5. Alcançar a igualdade de gênero e empoderar todas as mulheres e meninas é um dos Objetivos de Desenvolvimento Sustentável da ONU. Como as mulheres podem se empoderar para sair desse ciclo de violência?

Corina: A 4ª Conferência Mundial sobre a Mulher, “Ação para a Igualdade, o Desenvolvimento e a Paz”, que ocorreu em 1995 em Pequim, na China, teve em sua Plataforma de Ação um caráter inovador na promoção dos direitos das mulheres ao apresentar o conceito de gênero, a noção de empoderamento e o enfoque da transversalidade. O conceito de gênero possibilitou ampliar a compreensão restrita baseada nos aspectos biológicos, passando a considerar o seu caráter relacional, fortemente marcado pelos padrões sociais e culturais.

A noção de empoderamento consistiu em enfatizar a importância de a mulher adquirir e exercer controle sobre o seu desenvolvimento. Esse foi um dos objetivos centrais da Plataforma de Ação, que também estabeleceu que o governo e a sociedade deveriam proporcionar condições para apoiar as mulheres. A 3ª inovação no campo conceitual foi o enfoque de transversalidade da perspectiva de gênero nas políticas públicas nas diversas esferas governamentais.

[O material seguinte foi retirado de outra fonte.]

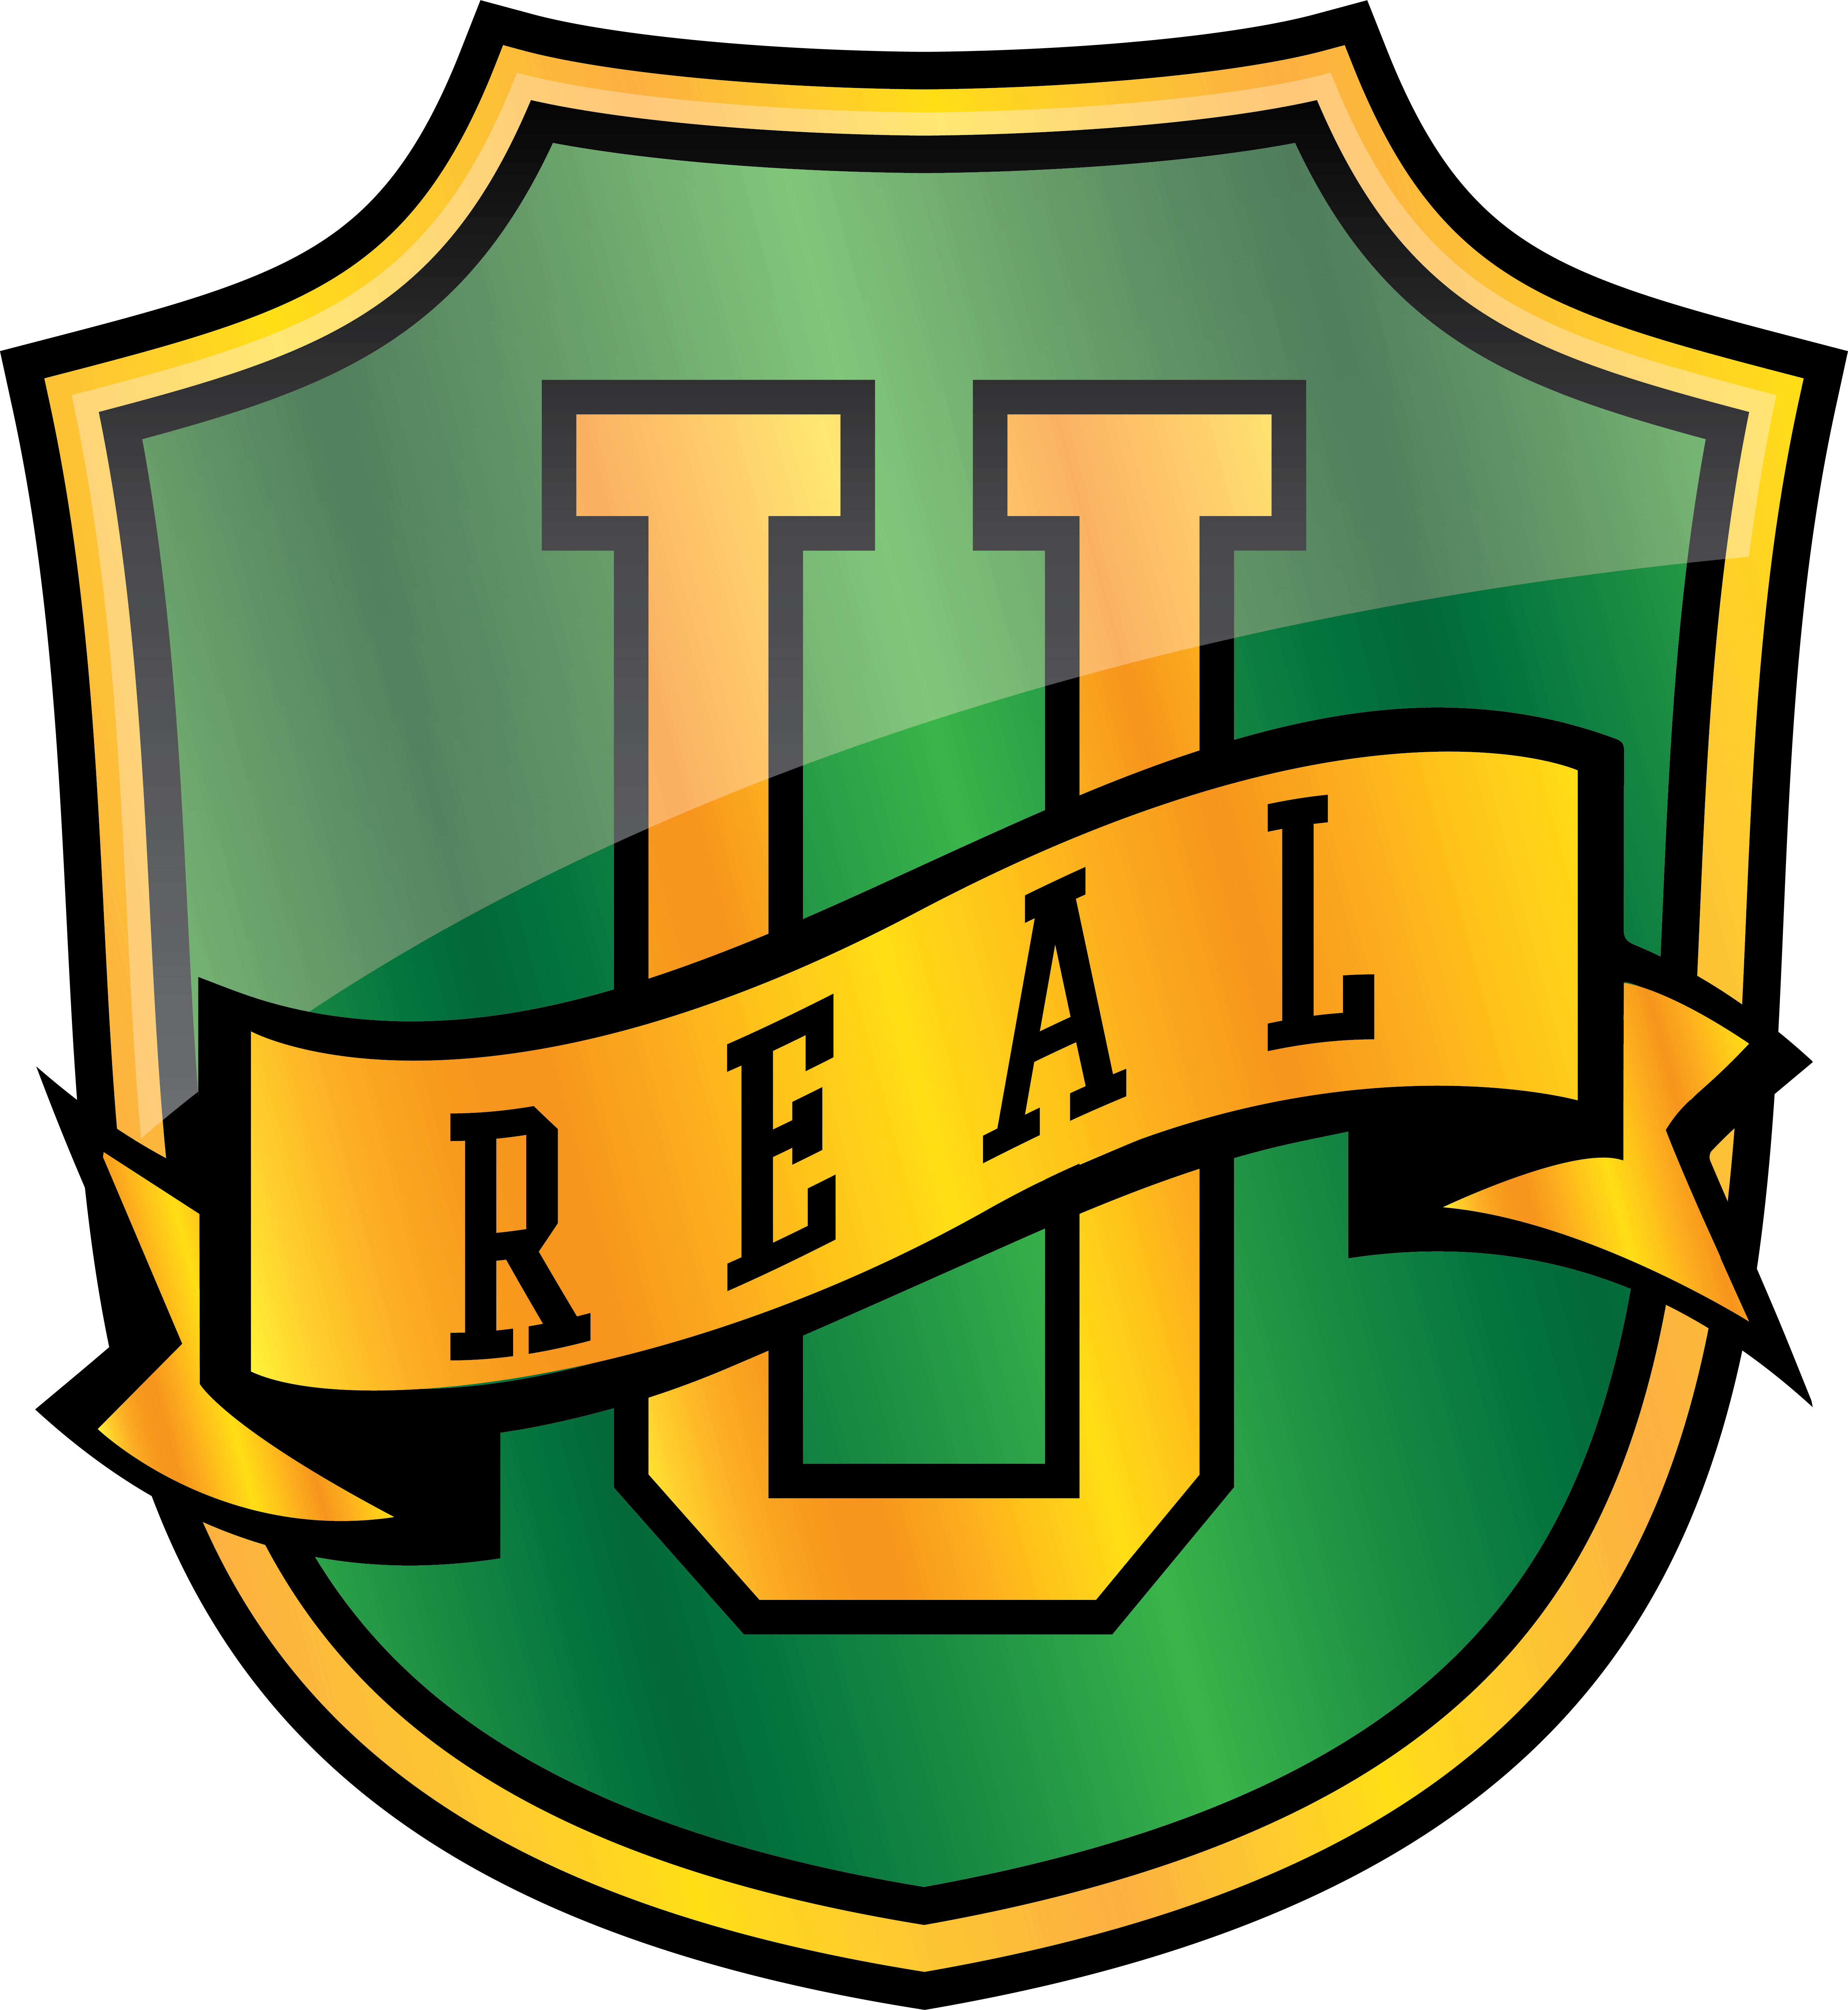 The REAL U, Inc

Em 2015, os países-membros da ONU estabeleceram um pacto global, a Agenda 2030, articulando aspectos voltados para o bem-estar humano, mas também o bem-estar do planeta, reconhecendo que estamos juntos e para que haja um futuro é preciso agir "não deixando ninguém para trás". Esse pacto recebeu o nome de Objetivos do Desenvolvimento Sustentável (ODS) e tem 17 metas que deverão ser alcançadas até 2030. Assim como os direitos humanos, os ODS são interligados e quando avançamos no sentido do cumprimento das metas de um dos ODS, contribuímos para que as demais possam ser alcançadas.

A ODS 05 - Alcançar a igualdade de gênero e empoderar todas as mulheres e meninas -, contém uma série de metas, inclusive uma que reitera o estabelecimento do acesso universal à saúde sexual e reprodutiva e aos direitos reprodutivos. As mulheres e meninas representam cerca da metade da população do mundo, então o desenvolvimento global depende do potencial de mulheres e meninas. Mas, o potencial de participação e transformação de mulheres e meninas está estruturalmente comprometido pelas iniquidades de gênero encontradas em diversas culturas e esferas da sociedade e que afetam direitos fundamentais, como o direito à vida, à saúde e à integridade física.

Para que todos e todas tenhamos uma vida digna, podendo usufruir do que está estabelecido na Declaração Universal dos Direitos Humanos, é essencial buscarmos a igualdade de gênero através dos princípios da equidade e da justiça. Assim, é preciso que sejamos todos agentes de promoção da equidade de gênero, a partir das oportunidades que nossas práticas nos oferecem.